Monday, May 28, 2018

What America said last Tuesday (written November 9, 2014)

Note, May 28, 2018: Another post left in draft. It appears incomplete. I'm posting what there is of it for its relevance to the events two years after it was written. The draft of this post was dated November 9, 2014.

I was watching one of the Sunday squabble shows this morning. Candy Crowley had a bunch of newly-elected members of Congress on one side of the set and a bunch of returning members on the other side. Among the old guard was the ever-delusional Michele Bachmann, who kept going on about the "clear message" Americans had sent last  Tuesday.

Americans did send a message last Tuesday, though I don't think she heard it. And that message was "Meh."

The midterm elections of 2014 had the lowest voter turnout of any general election since 1942. Yet in polling prior to the elections, Americans expressed overwhelming disapproval for the job Congress is doing. Logic would seem to dictate that such dissatisfaction would lead to action to unseat the people responsible for the dissatisfaction. Instead, Americans chose to stay at home and watch TV.


I'm no social scientist, but like a lot of people I have some theories to explain why people behave like they do. Let's look at the last few elections.

Turnout was high in 2008. Many people who had never cast a vote before, despite being eligible for many years, went out and voted for the very first time. For a lot of people the motivating factor here was the opportunity to vote for the FIRST! BLACK! PRESIDENT! It worked: As you may be aware, Barack Obama became President.

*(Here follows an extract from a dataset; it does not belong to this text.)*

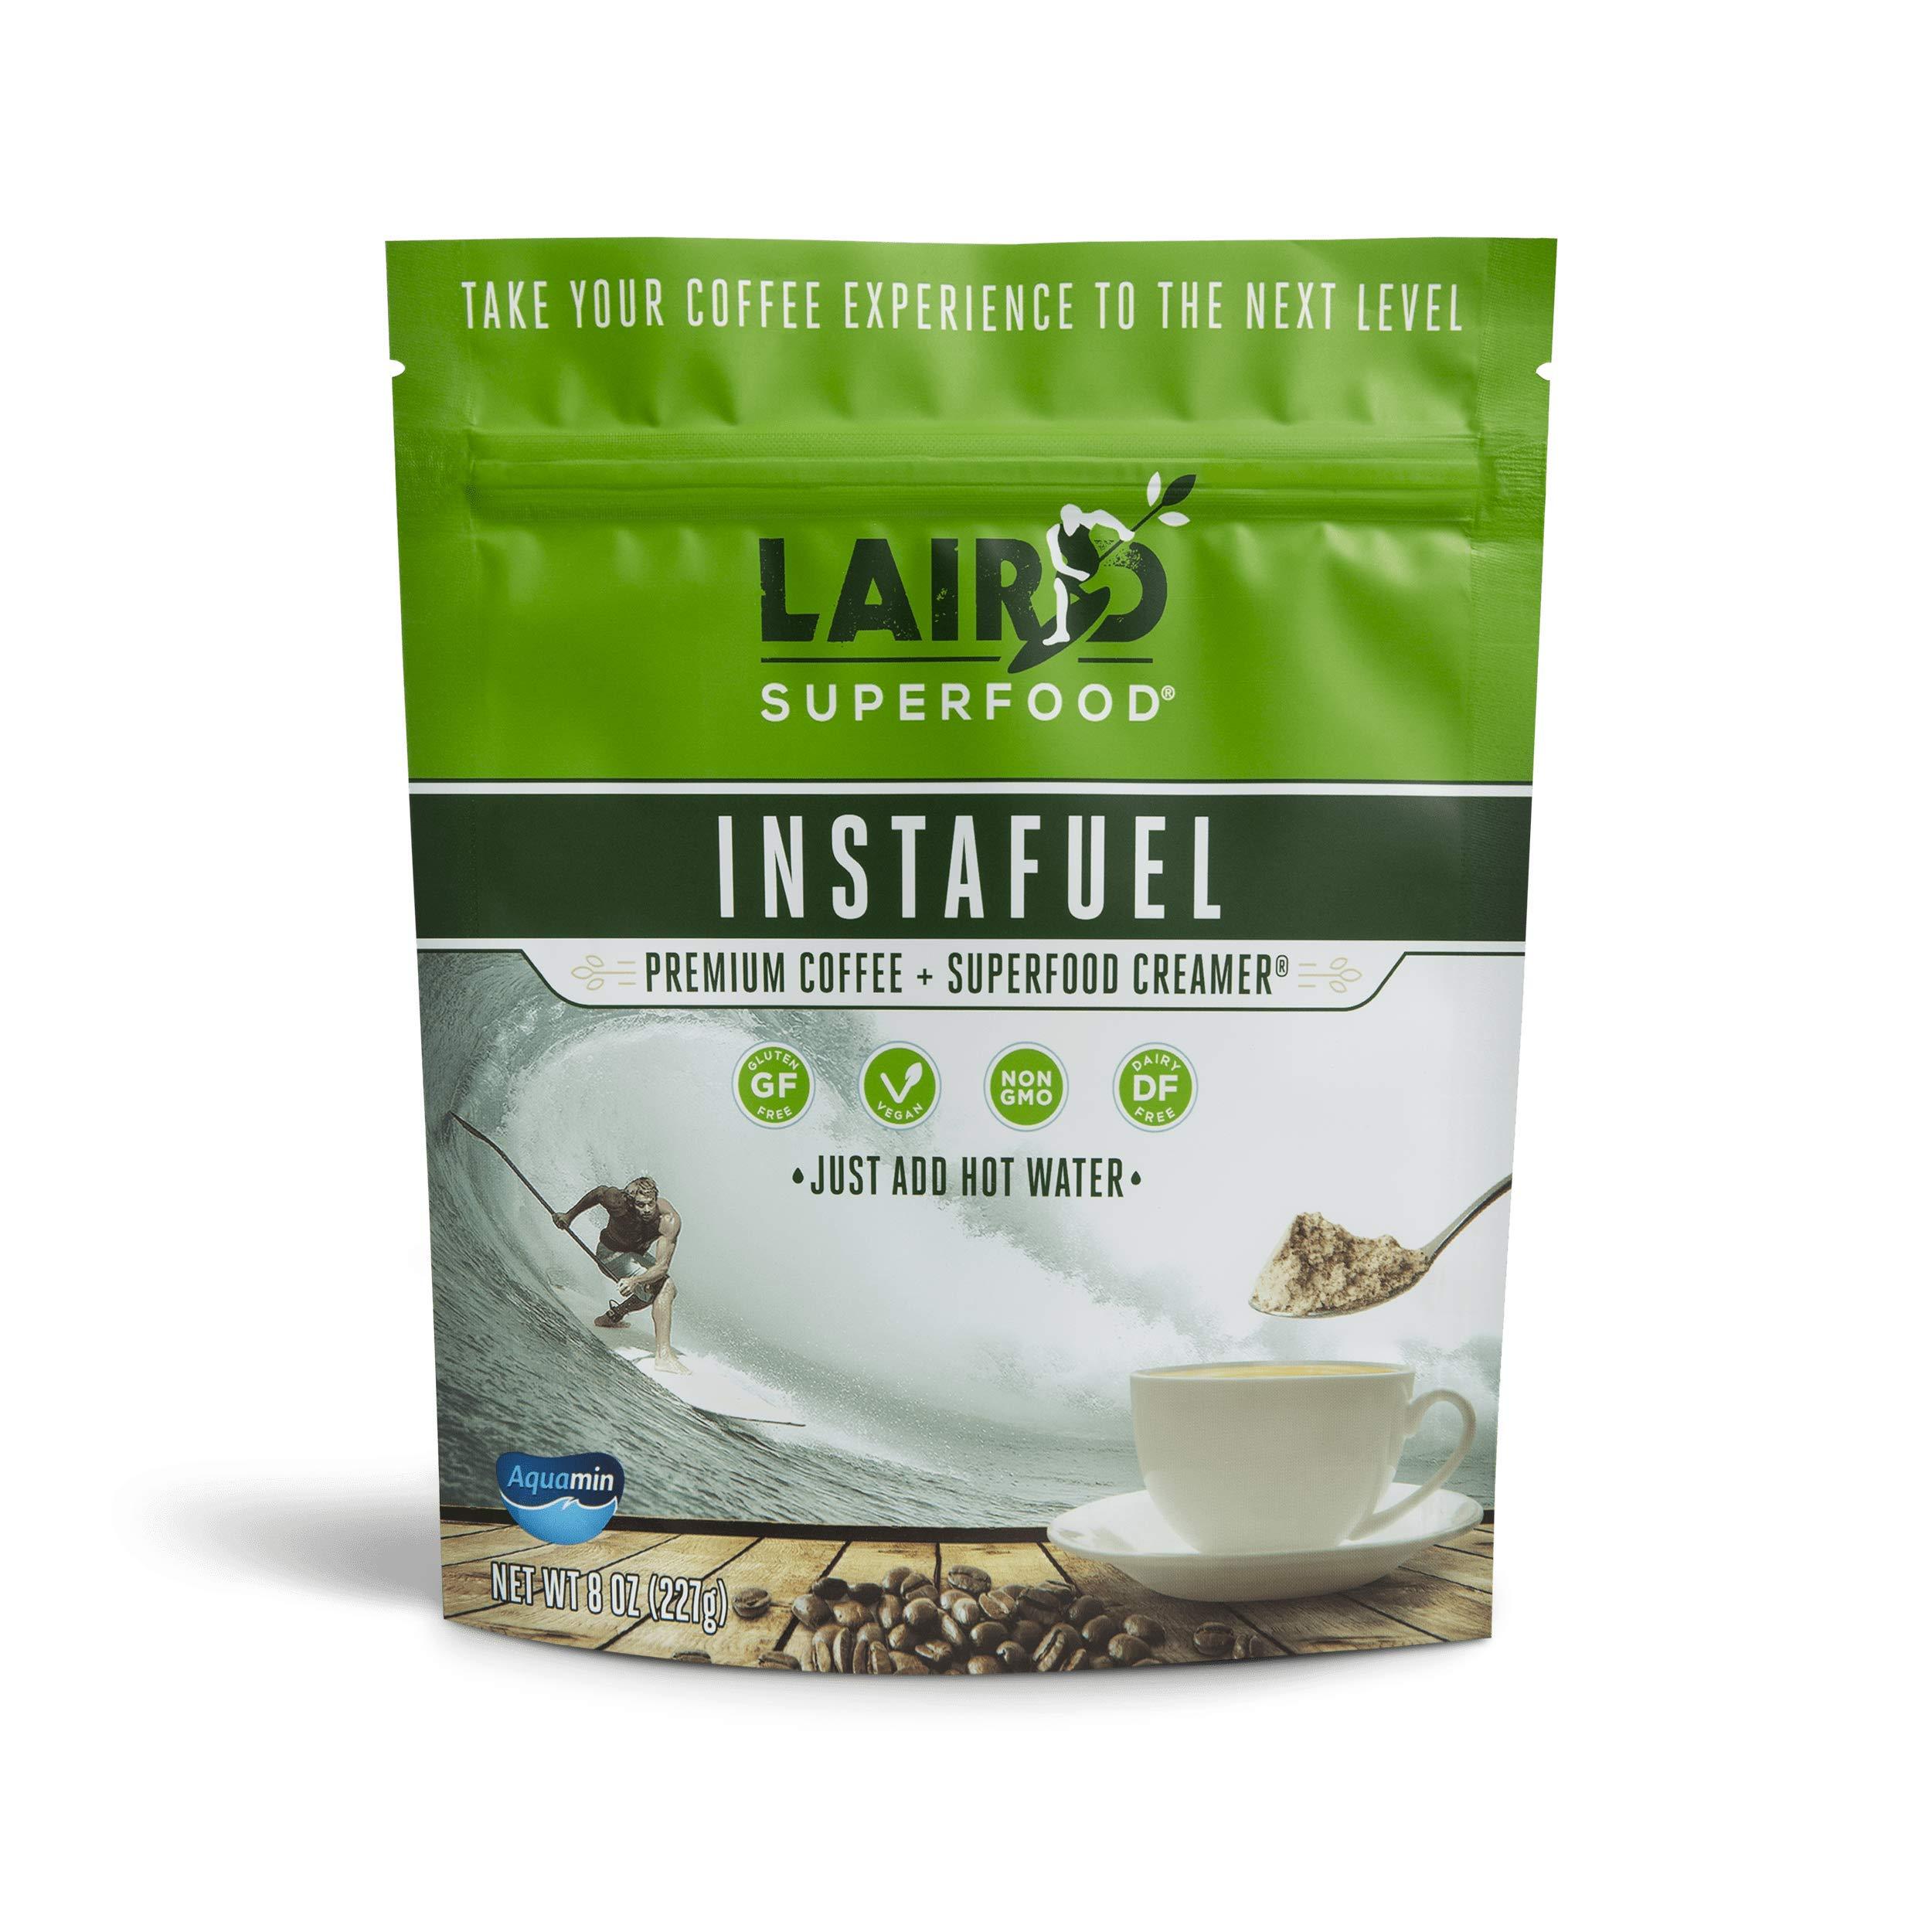 Laird Superfood Instafuel Premium Instant Coffee | Premium Arabica Coffee with Superfood Original Creamer Added | Non-Dairy | Organic | Gluten Free | Vegan - 1 lb Bag

In 2010, just two years later, turnout was low again. Many of the people who were excited about voting in 2008 had other priorities on Election Day in 2010. Besides, for the most part the elections were either for one bland late-middle-aged white guy running against another bland late-middle-aged white guy, or were being held in districts so gerrymandered that the outcome was a foregone conclusion. What was there to get excited about? The Democratic get-out-the-vote machine that had been in action in 2008 was mostly silent.

That's why I was worried in 2012. Mitt Romney was a terrible candidate, but Republican partisans were still committed to vote for him. Barack Obama had failed to deliver on many of his promises from 2008, and Republican obstructionism had blocked many of his grand ideas from being realized, while others, like the Affordable Care Act, had been twisted and bent in an attempt to garner approval from a majority of Congress to the point that they were just barely recognizable. Democratic support was there, but it was less enthusiastic than in 2008. Yet when election day came, despite the best efforts by Republicans to disenfranchise voters or in some cases to relocate or simply close polling places, voter turnout was high and Barack Obama won again.

Which brings us to 2014. The economy is recovering, we are told, though most of us do not feel it; in fact, most of the gains from the improving economy are going to the wealthiest strata of society. War and pestilence are everywhere, with ISIS waiting to chop off our heads and spread Ebola through illegal immigrants. Congress is historically inactive, engaging in partisan bickering and the occasional grand but meaningless gestures doomed to failure. Approval for the President's performance is low, but approval for Congressional performance is barely in the double digits.

Last Tuesday, a smaller percentage of America's eligible voters came out to vote. The Republicans won handily, and now control both branches of Congress.

The people who voted for these Republicans will share in the blame for their actions. That's a given. But the people who were so excited to vote in 2008, and who turned out again in 2012, but didn't bother to vote in 2014 - those people let it happen. As did everyone who sat at home on Election Day 2014 and didn't bother to vote.